_Work item_
The listing is to be printed word for word, pictures omitted.
[[ Data block open ]]
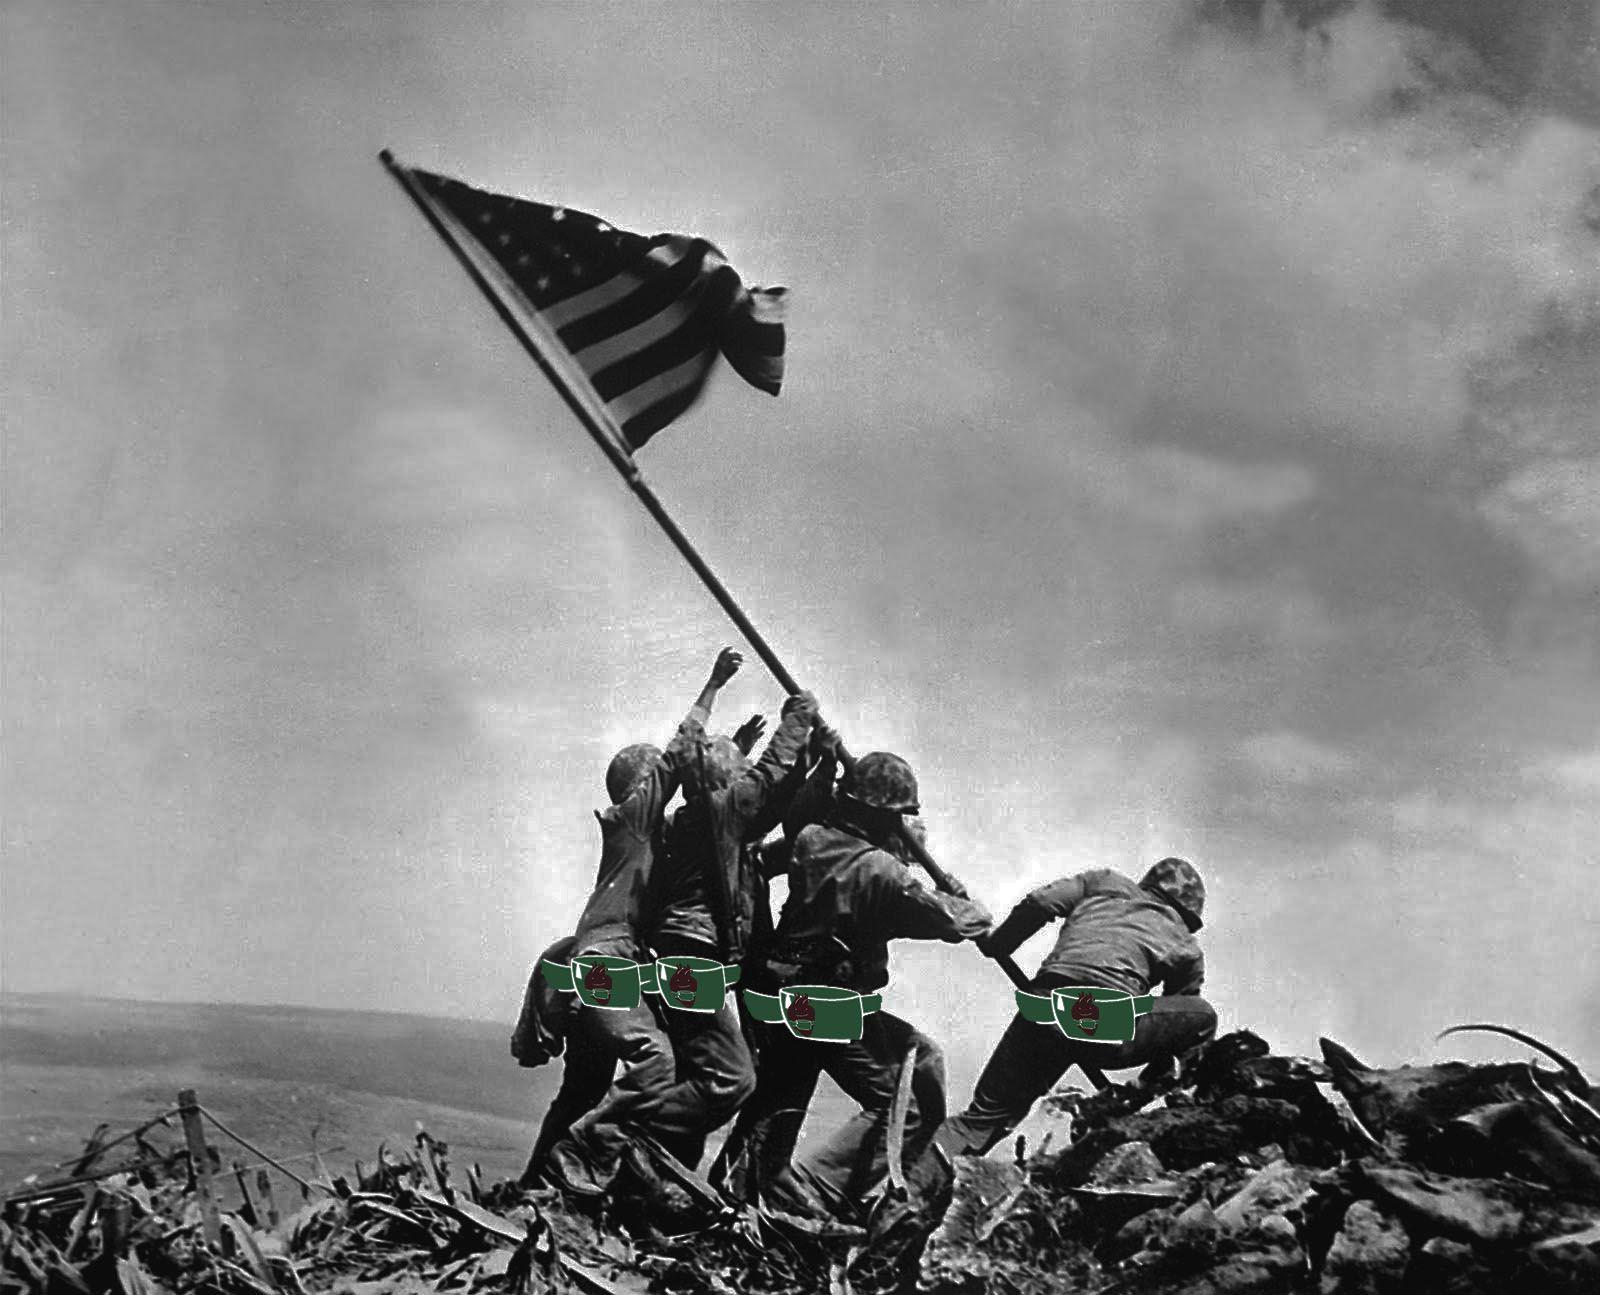 Raising The Flag Over Iwo Jima 1600 1295 Raising The Flag On Iwo Jima Wallpapers 36 Wallpapers Adorable Wallpapers Iwo Iwo Jima Wallpaper
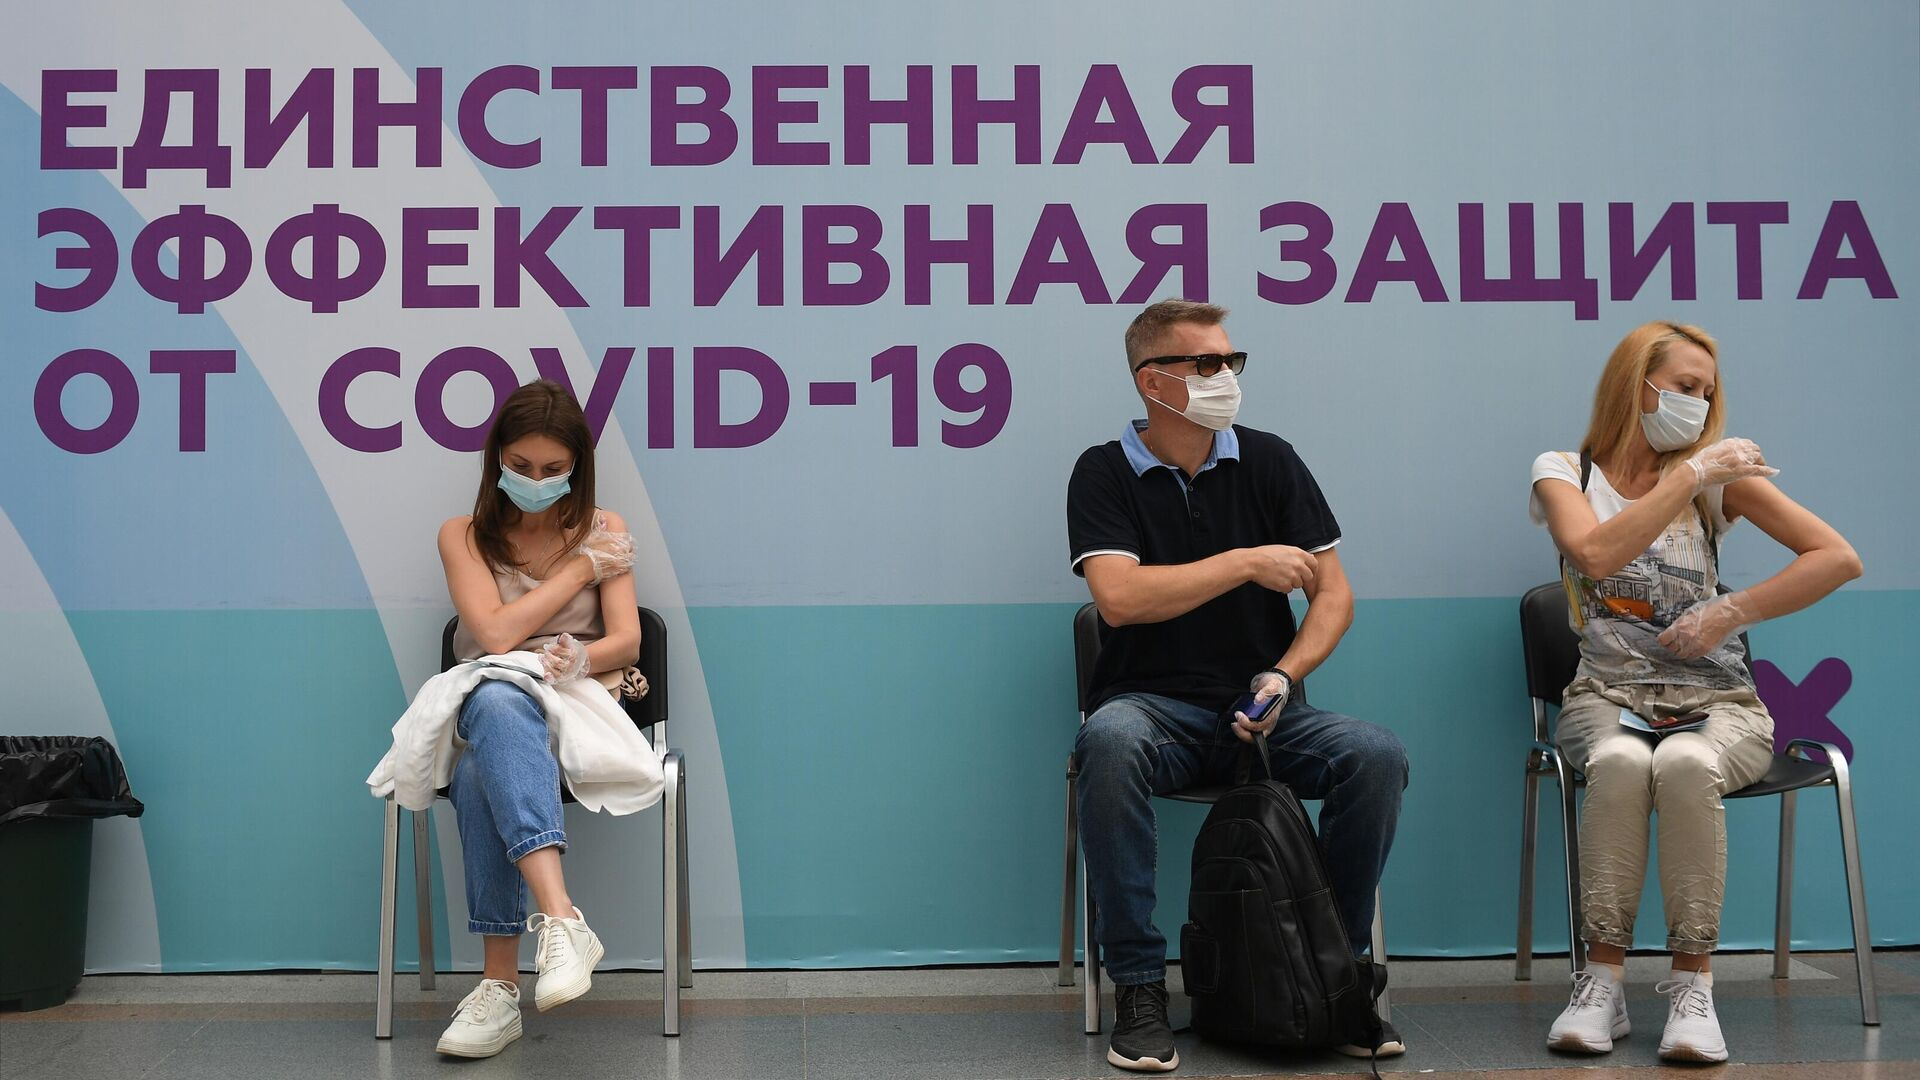 Посетители в центре вакцинации от COVID-19 в Гостином дворе в Москве - РИА Новости, 1920, 18.09.2021
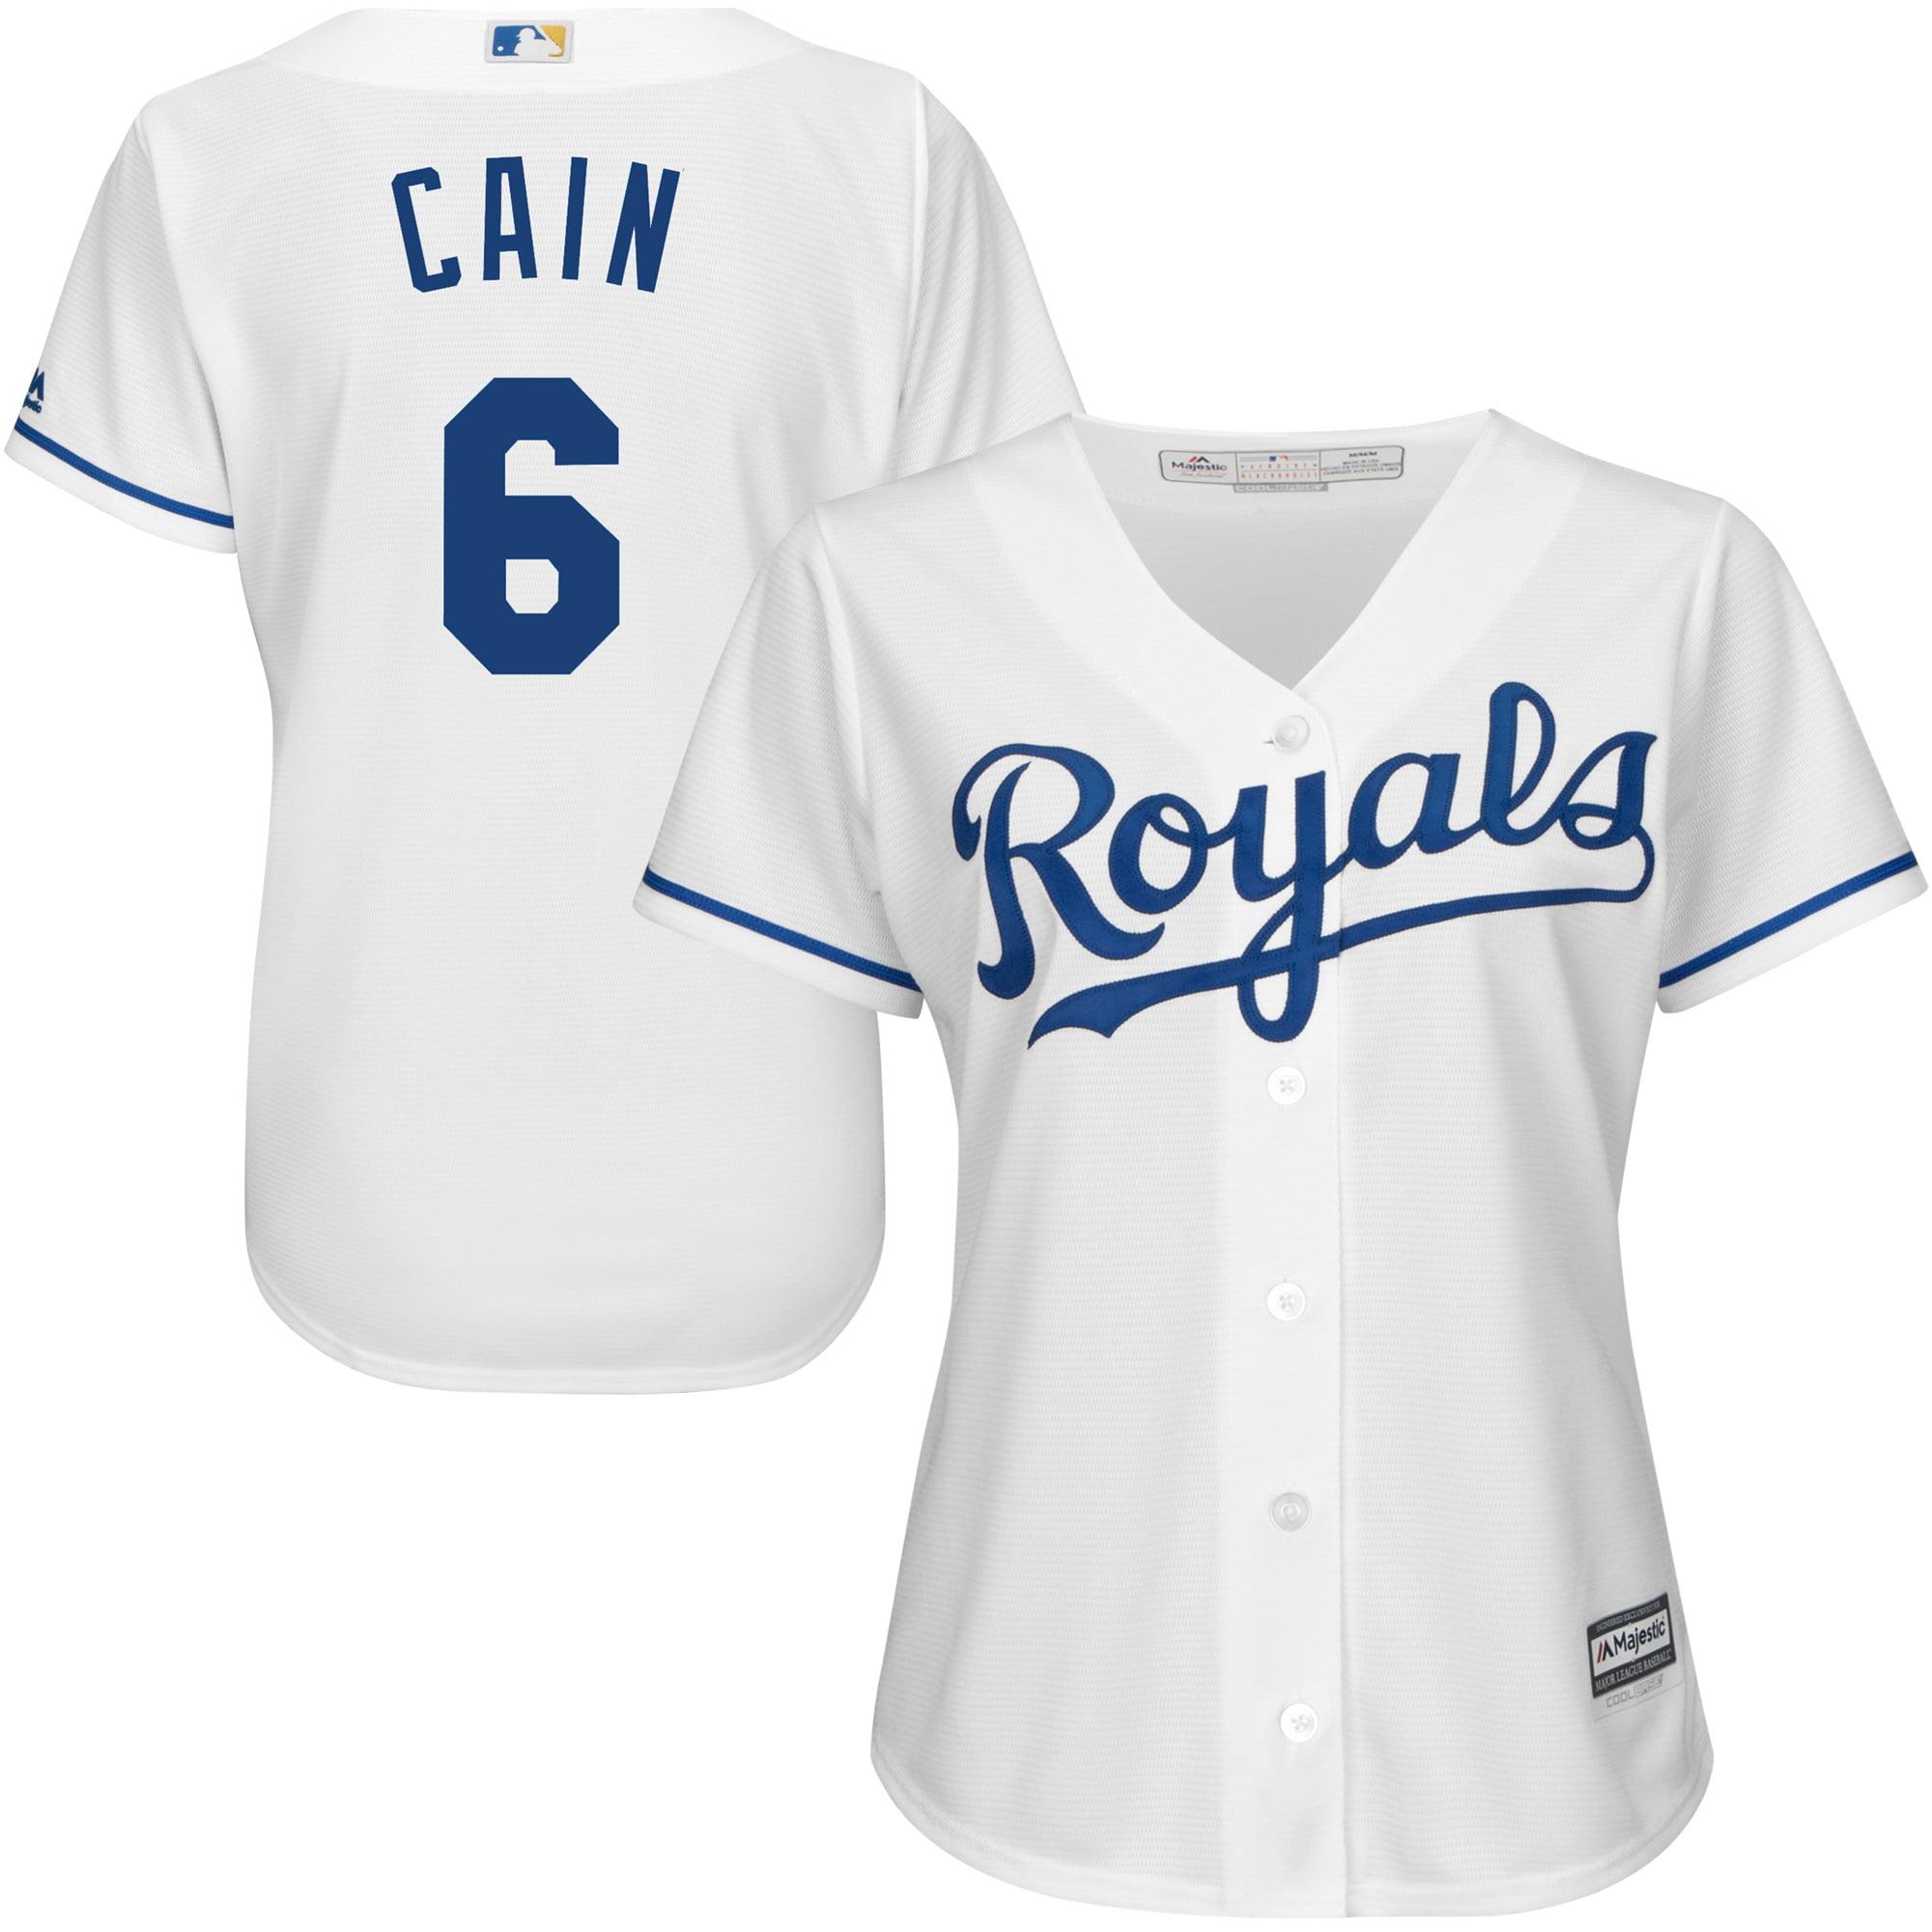 Lorenzo Cain Kansas City Royals Majestic Women's Cool Base Player Jersey White by MAJESTIC LSG
[[ Data block closed ]]
_Answer box_
 Raising The Flag Over Iwo Jima 1600 1295 Raising The Flag On Iwo Jima Wallpapers 36 Wallpapers Adorable Wallpapers Iwo Iwo Jima Wallpaper
 Посетители в центре вакцинации от COVID-19 в Гостином дворе в Москве - РИА Новости, 1920, 18.09.2021
 Lorenzo Cain Kansas City Royals Majestic Women's Cool Base Player Jersey White by MAJESTIC LSG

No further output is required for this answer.